▸ WHAT IS REQUIRED
Each line below must be transcribed exactly, and no picture may appear in the transcription.

▸ COLLECTED MATERIAL
****************************************

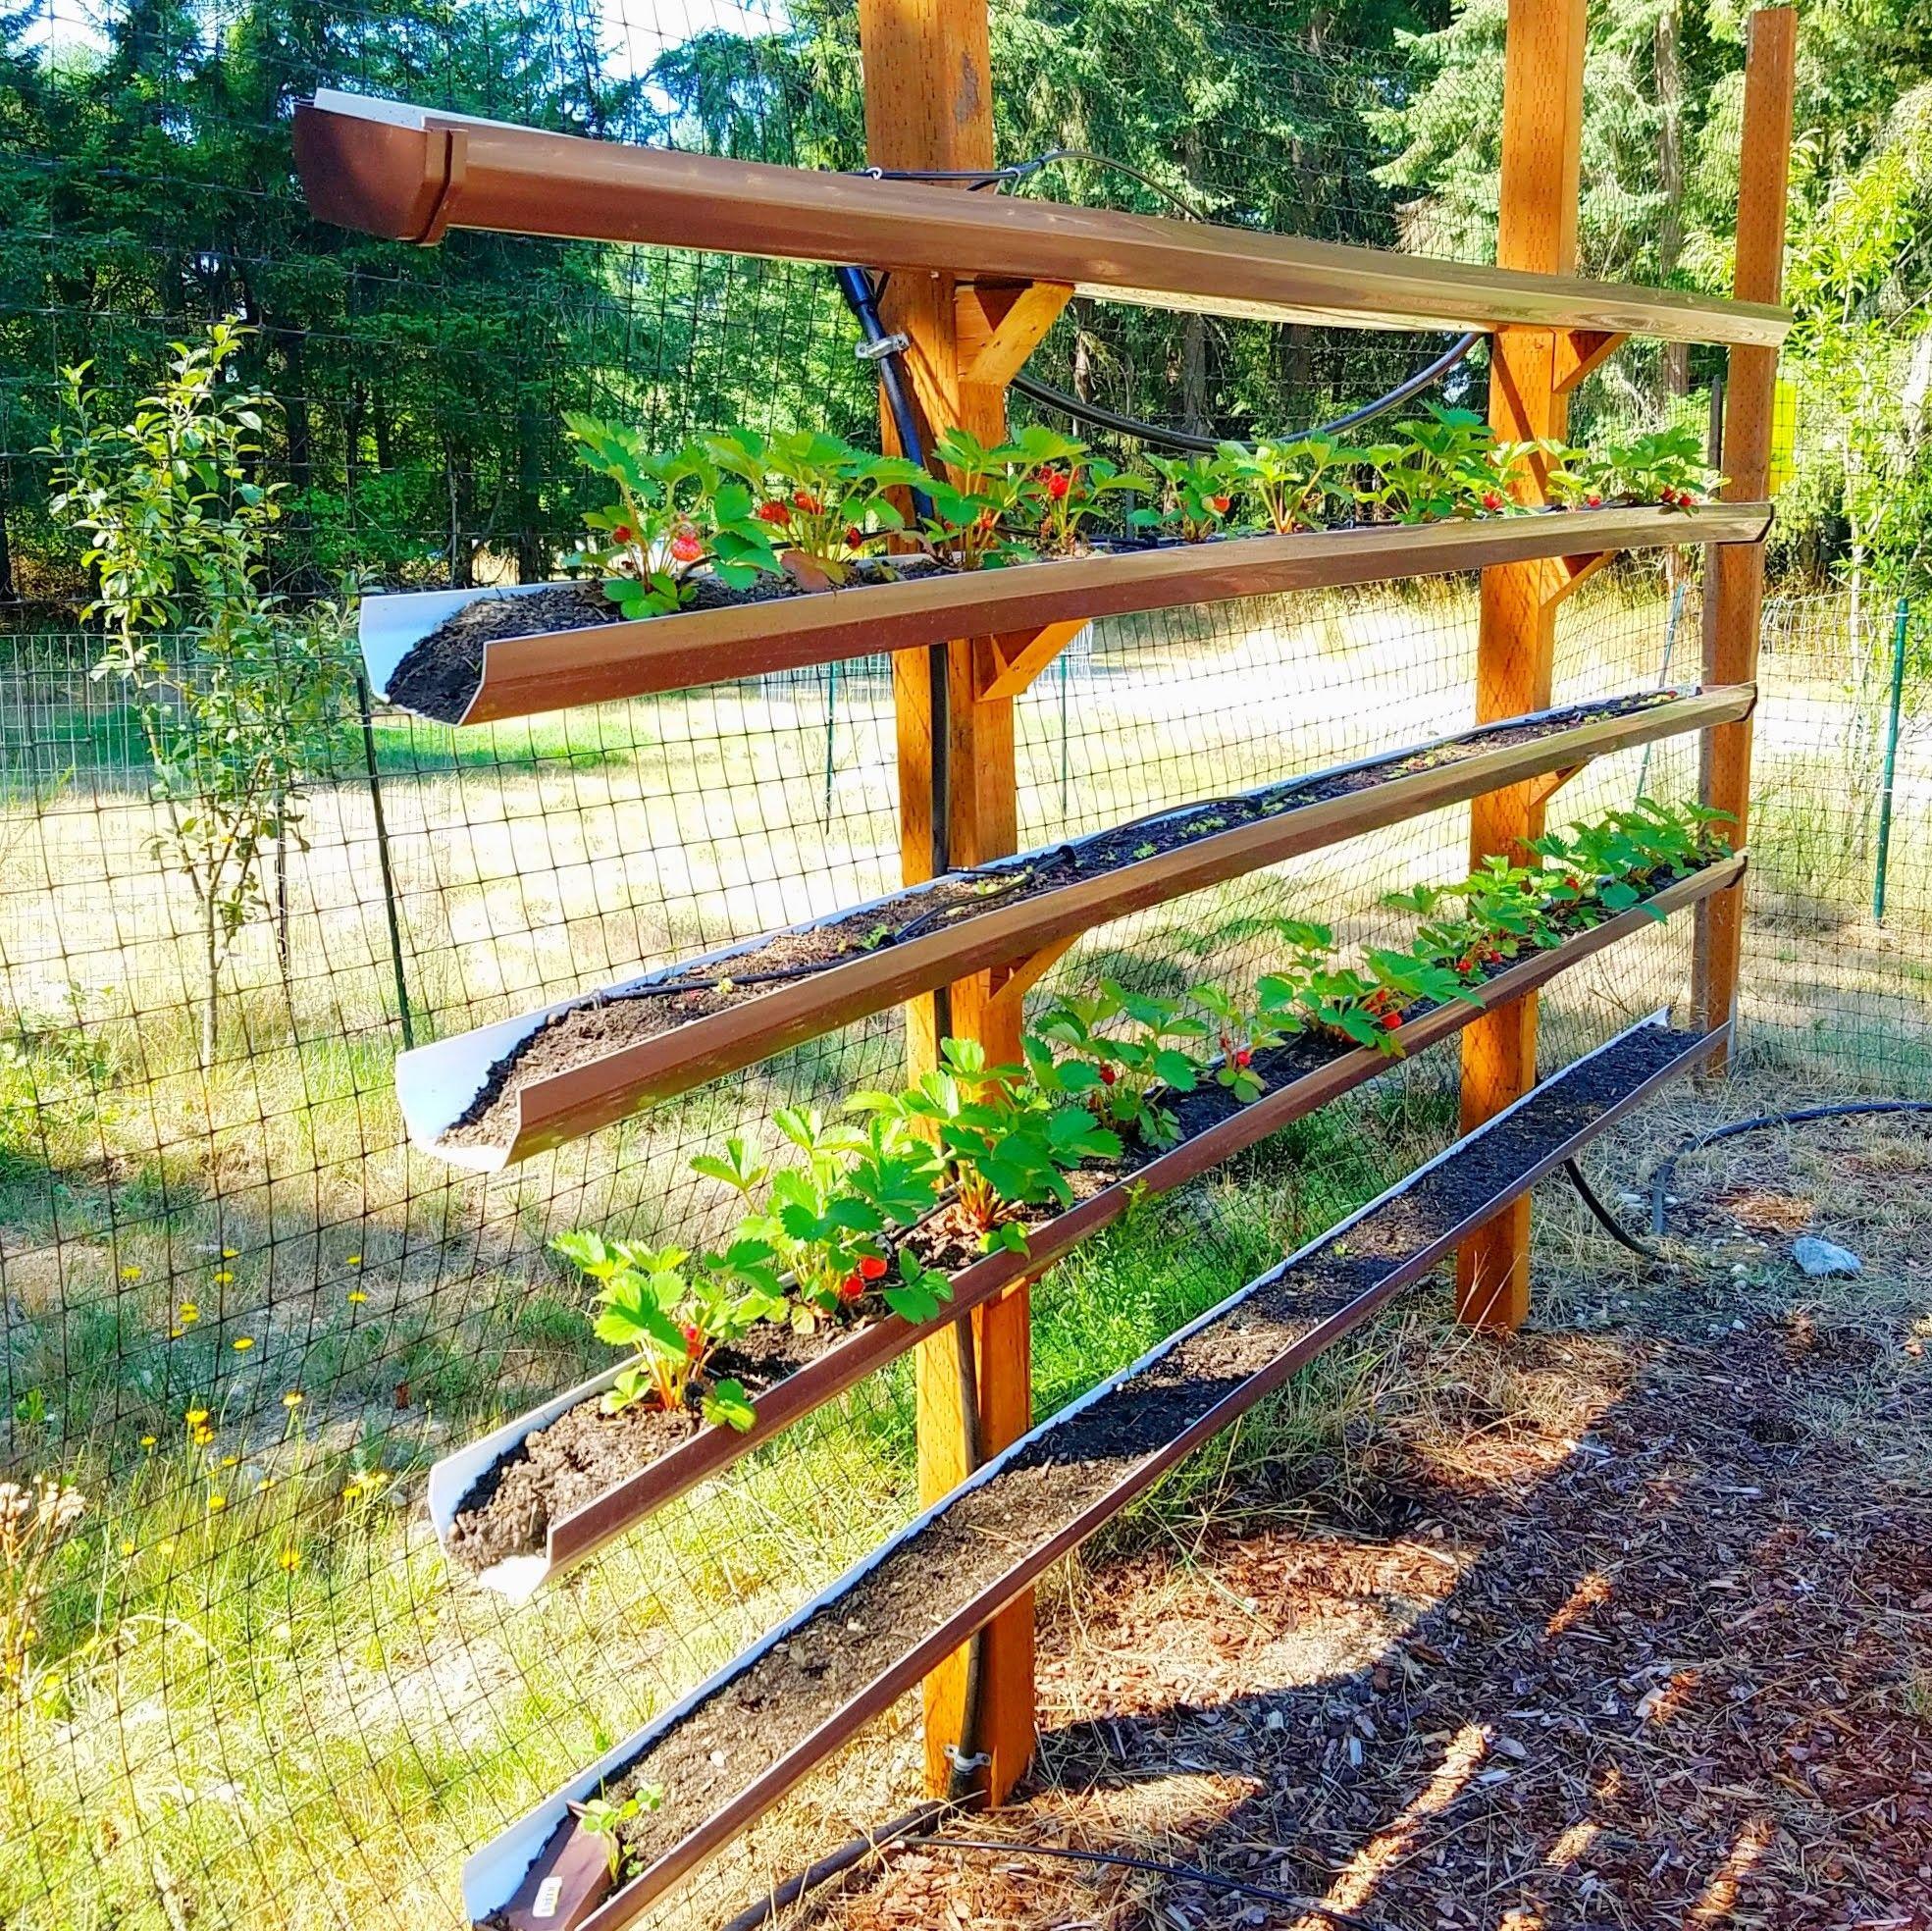 Rain Gutter Strawberry Beds Strawberry Beds Gutter Garden Garden Design
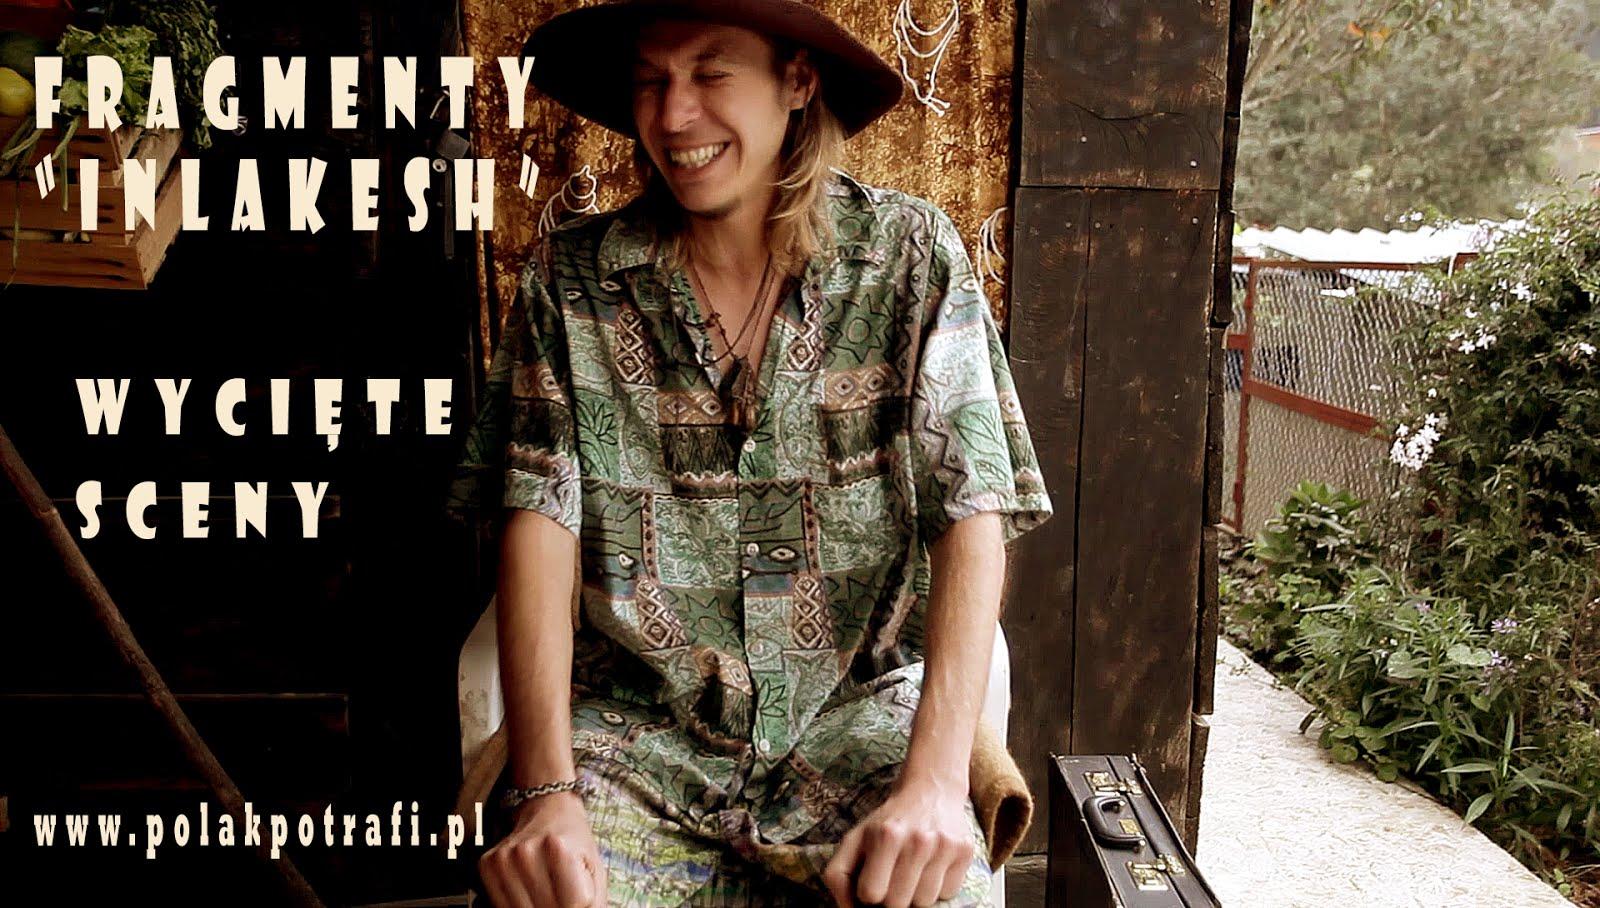 """Crowdfunding dla filmu """"Inlakesh"""" - kulisy scen, życie w Meksyku, fragmenty filmu."""
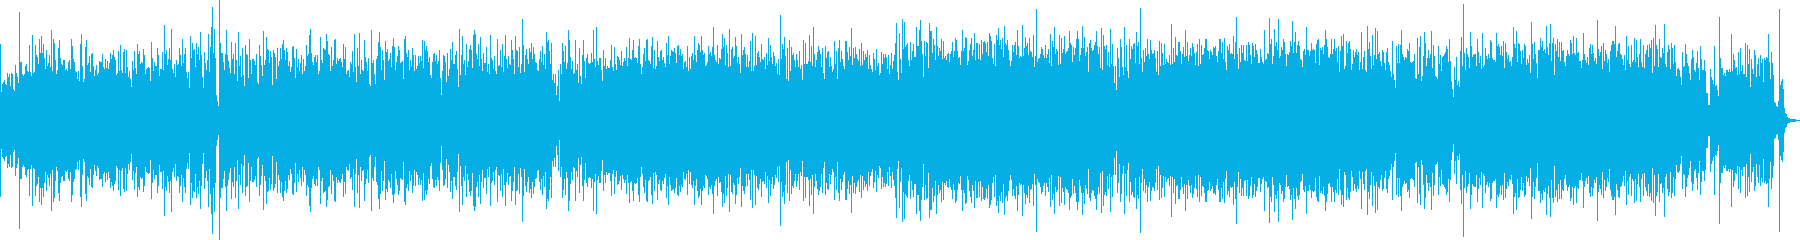 疾走感あふれるピアノ・ラテンジャズの再生済みの波形

****************************************

▸ EXERCISE OUTPUT
 Rain Gutter Strawberry Beds Strawberry Beds Gutter Garden Garden Design
 """Crowdfunding dla filmu """"Inlakesh"""" - kulisy scen, życie w Meksyku, fragmenty filmu."""
 疾走感あふれるピアノ・ラテンジャズの再生済みの波形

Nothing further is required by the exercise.